Question

1) Berizon Virefull is looking for a new jingle. Due to the attention span and vocal range of their target audience, they are looking for a 4 note jingle contained within an octave (C0-C1). Thus pick 4 notes from 13. Repeated notes are allowed and order does matter. How many possible jingles are there?

2) Considering that some of the submittions (see above problem) were boring, Berizon now insists that no note can be repeated, but order still matters. How many possible jingles are there now?

3) If order did not matter, and repetitions were not allowed, how many jingles?

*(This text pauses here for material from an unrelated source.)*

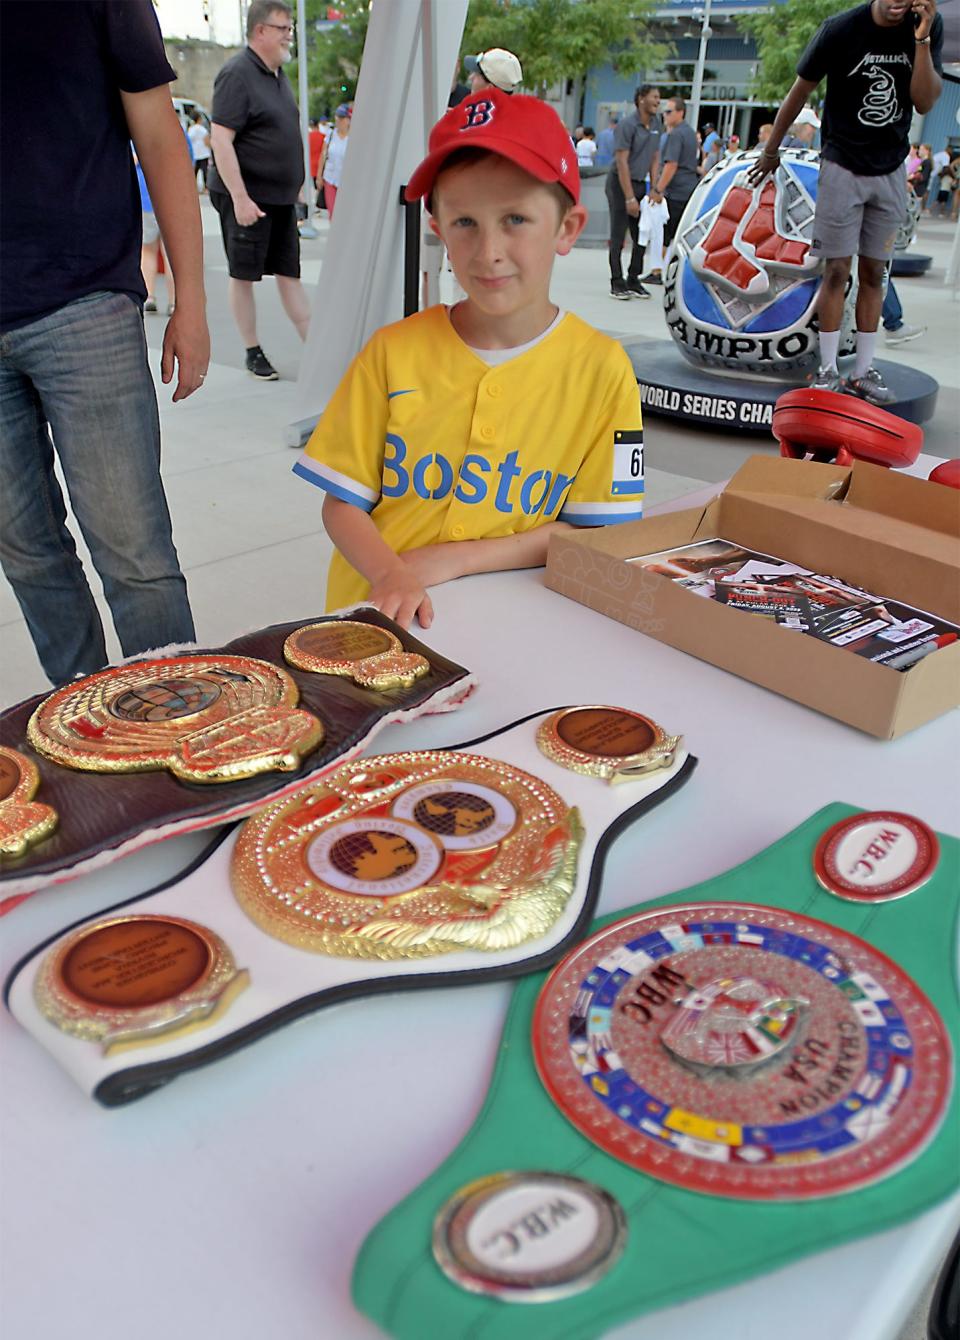 Mitchell Geher, 7, of West Newton, admires the three championship belts held by Worcester's Kendrick Ball Jr. while watching boxers working out last week in front of Polar Park.
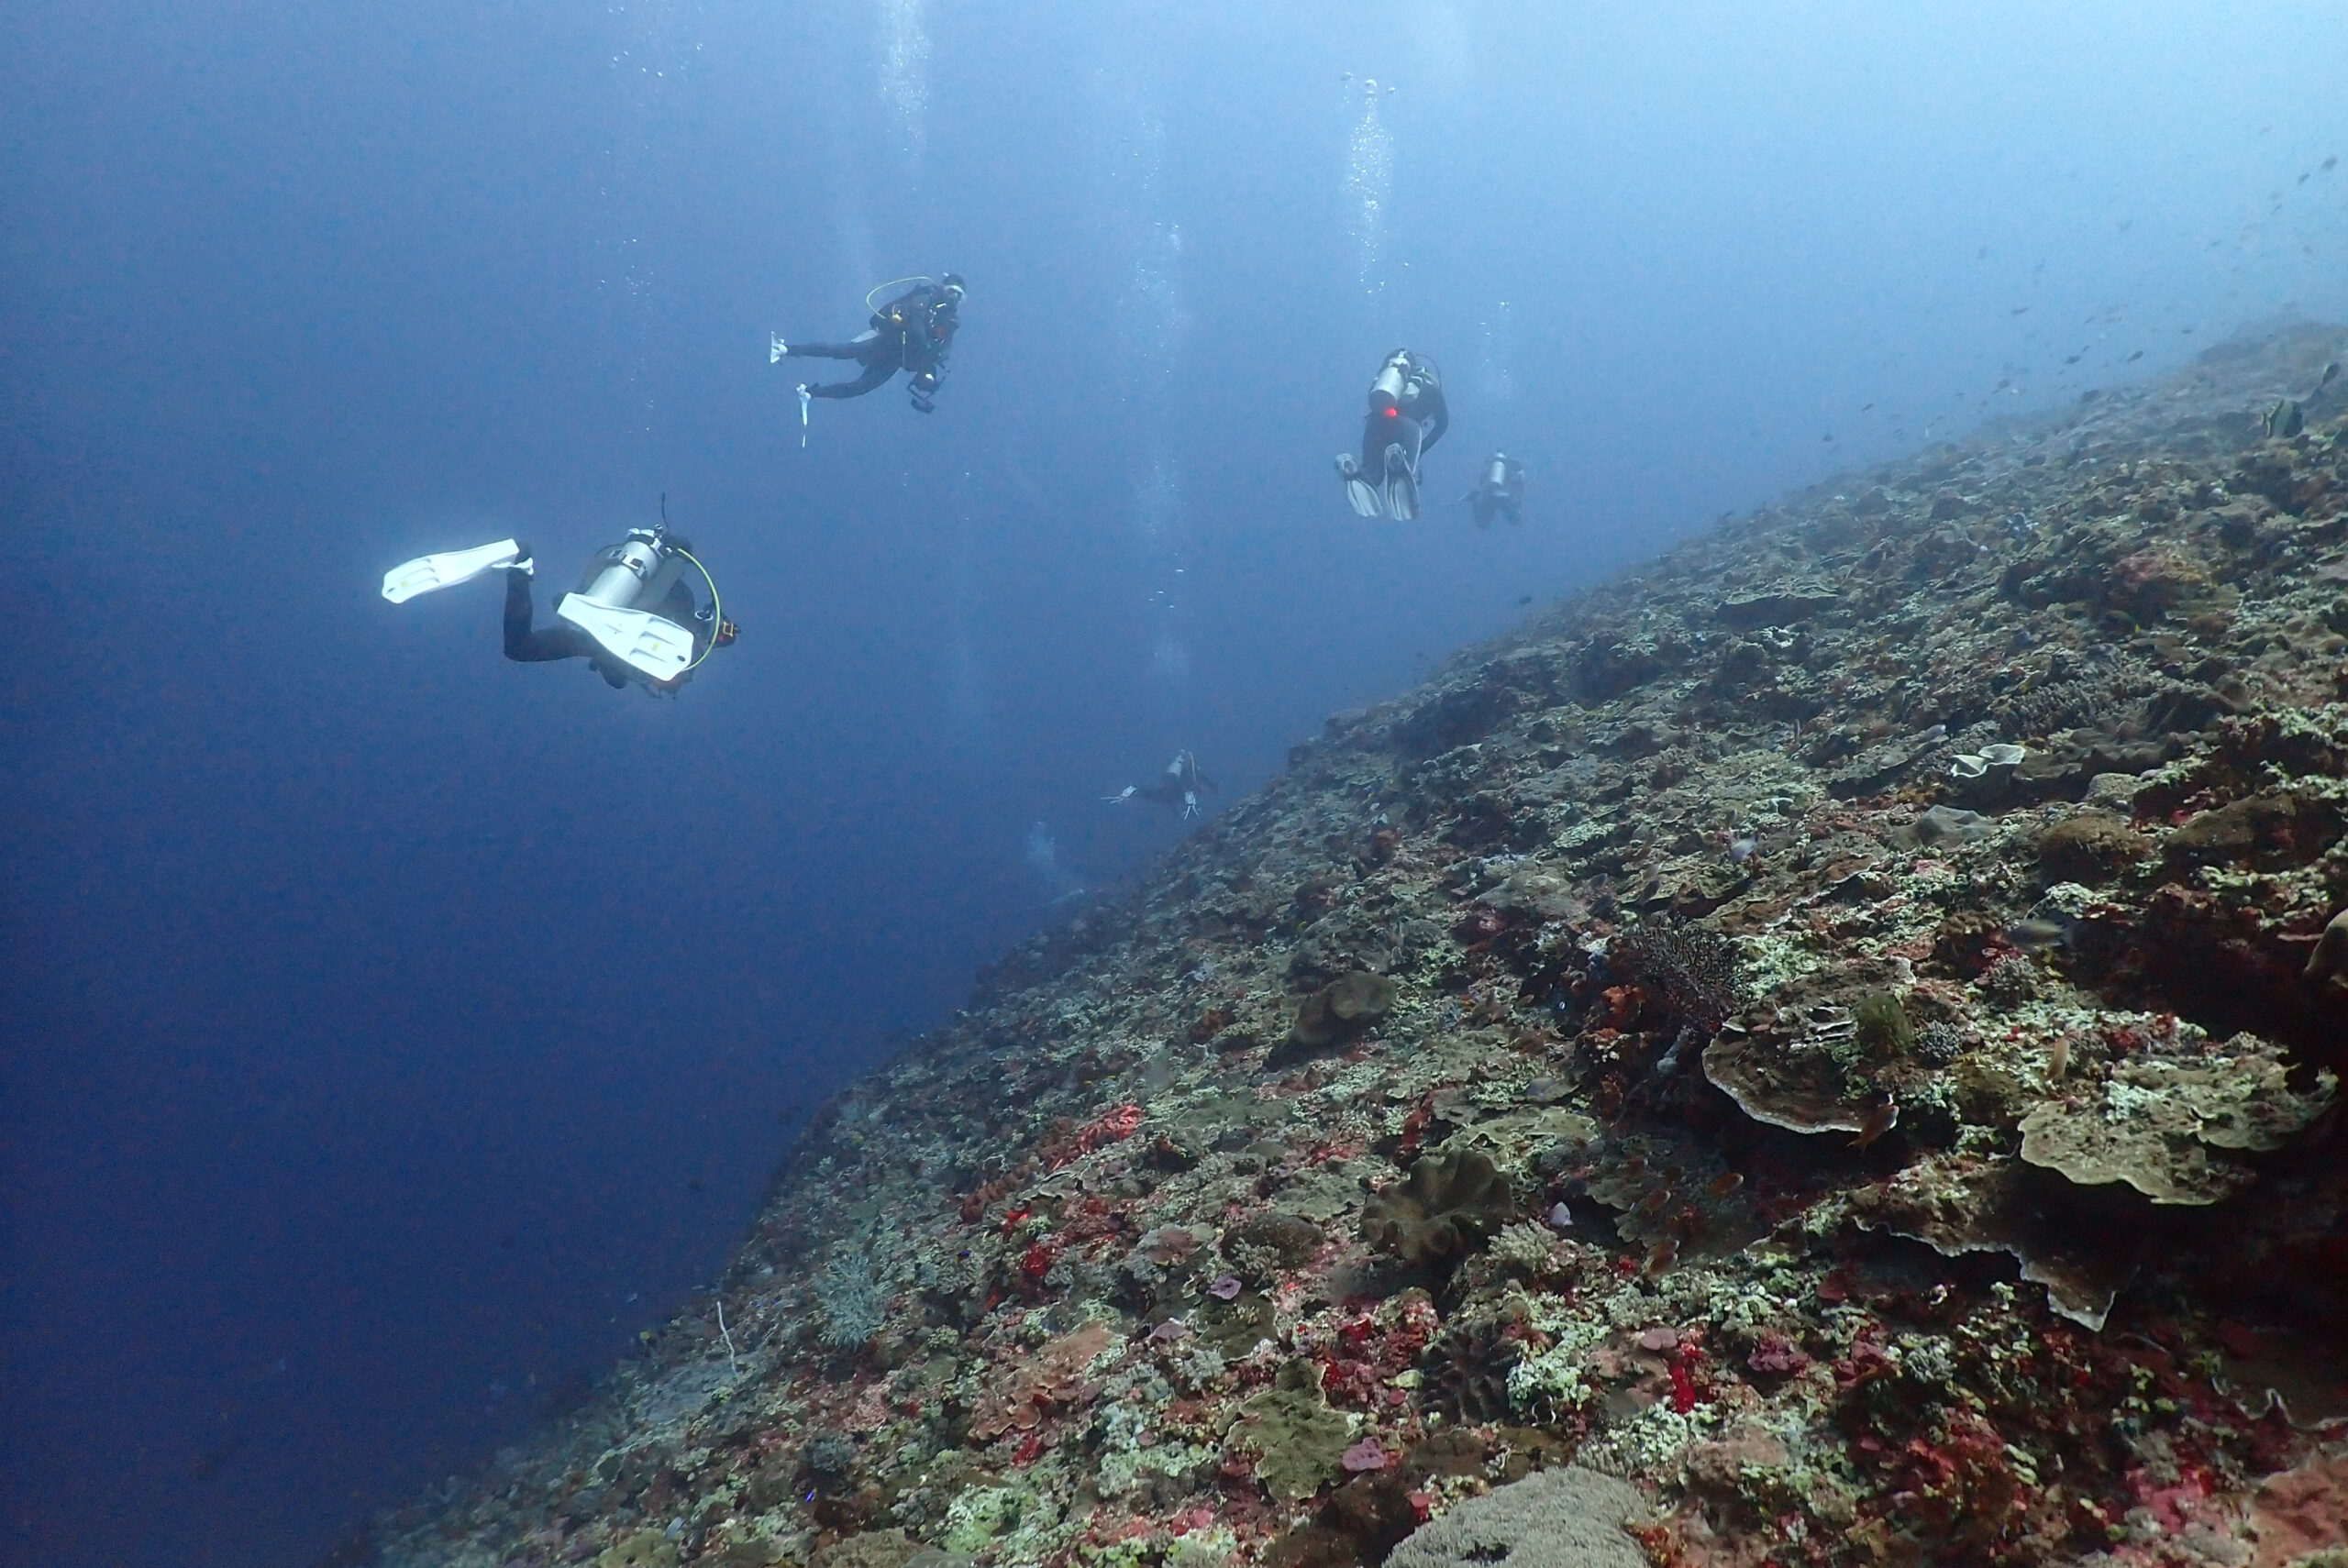 Diving with current - 001

4) If order does not matter and repetitions are allowed?

Answer 1

1.Since there are 13 notes to choose from, the number of possible jingles with repeated notes and order matters is given by the formula for permutations with repetition: 13^4 = 28,561.

2.If no note can be repeated, then we need to use the formula for permutations without repetition: P(13, 4) = 13 x 12 x 11 x 10 = 17,160.

3.If order does not matter and repetitions are not allowed, we need to use the formula for combinations: C(13, 4) = (13!)/(4!(13-4)!) = 715.

4.If order does not matter and repetitions are allowed, we need to use the formula for combinations with repetition: C(13+4-1, 4) = C(16, 4) = (16!)/(4!(16-4)!) = 1820.